Phillis Wheatley (Boston, MA)

Phillis Wheatley was the first published African-American female poet in United States history. As a young slave, Wheatley was taught to read and write by the white Boston family who owned her. Once they witnessed her talent in the area, the slavers encouraged her to pursue poetry. Wheatley did enjoy some success as a poet while she was a slave, granting her audience with George Washington and catching the attention of King George III. Wheatley was emancipated after the death of her master, but she quickly fell into poverty and died of illness at the age of 31. While the original volumes of Phillis Wheatley’s work are no longer in print, a volume titled Complete Writings was published by Penguin Classics in 2001.

Mary Oliver (Provincetown, MA)

You won’t find many interviews from the contemporary poet Mary Oliver because she prefers that her work speak for itself. Over the course of her long and illustrious career, her work has been awarded the Pulitzer Prize for Poetry, the National Book Award, the L.L. Winship/PEN New England Award, and a Guggenheim Fellowship, among other accolades. She has published twenty-one books of poetry, including American Primitive (1983), House of Light (1990), Blue Iris (2004), and Swan (2010). Oliver currently lives in Provincetown, Massachusetts, a town that inspires much of her writing. If you’re looking for a place to start, we recommend picking up No Voyage and Other Poems, a book she published in 1963 at only 28 years old.

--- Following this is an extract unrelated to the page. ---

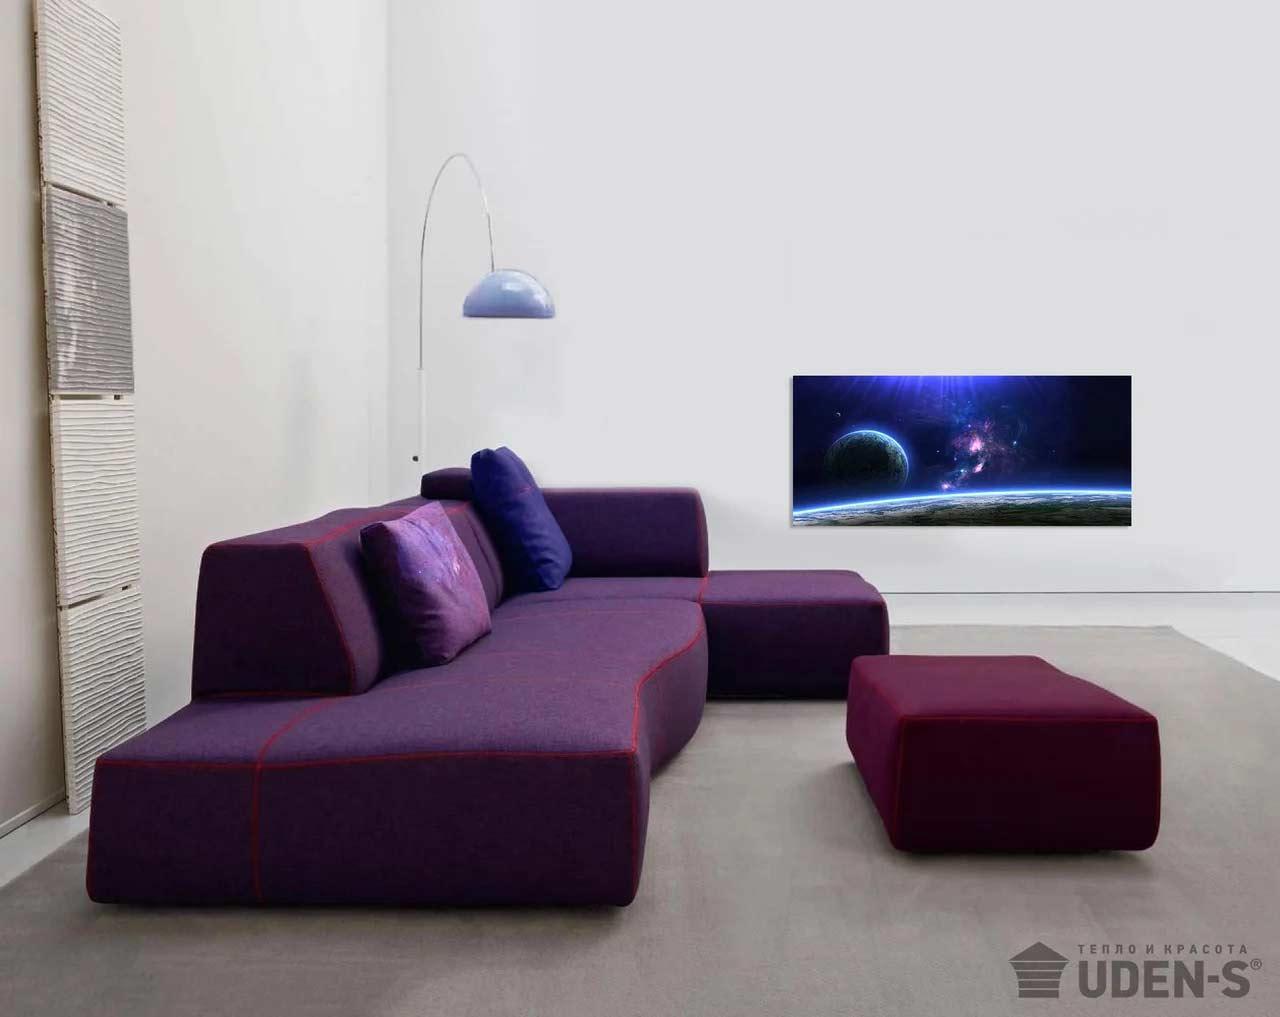 Panou-Radiant-Uden-s-Imprimat-Foto-700W-Universul-int

Rosanna Warren (Fairfield, CT)

Rosanna Warren was born in Fairfield, Connecticut and while she no longer calls the region home, New England has a magnetic pull that keeps drawing her back in. After leaving her hometown of Fairfield, Warren studied at Yale University as an undergraduate and, after receiving her Master’s Degree, taught as a professor for many years at Boston University. A critically recognized poet, Warren has been awarded several Pushcart Prizes, as well as the American Academy of Arts and Letters Award of Merit in Poetry, and a Guggenheim Fellowship. We recommend you start with Warren’s aptly titled Snow Day (1981).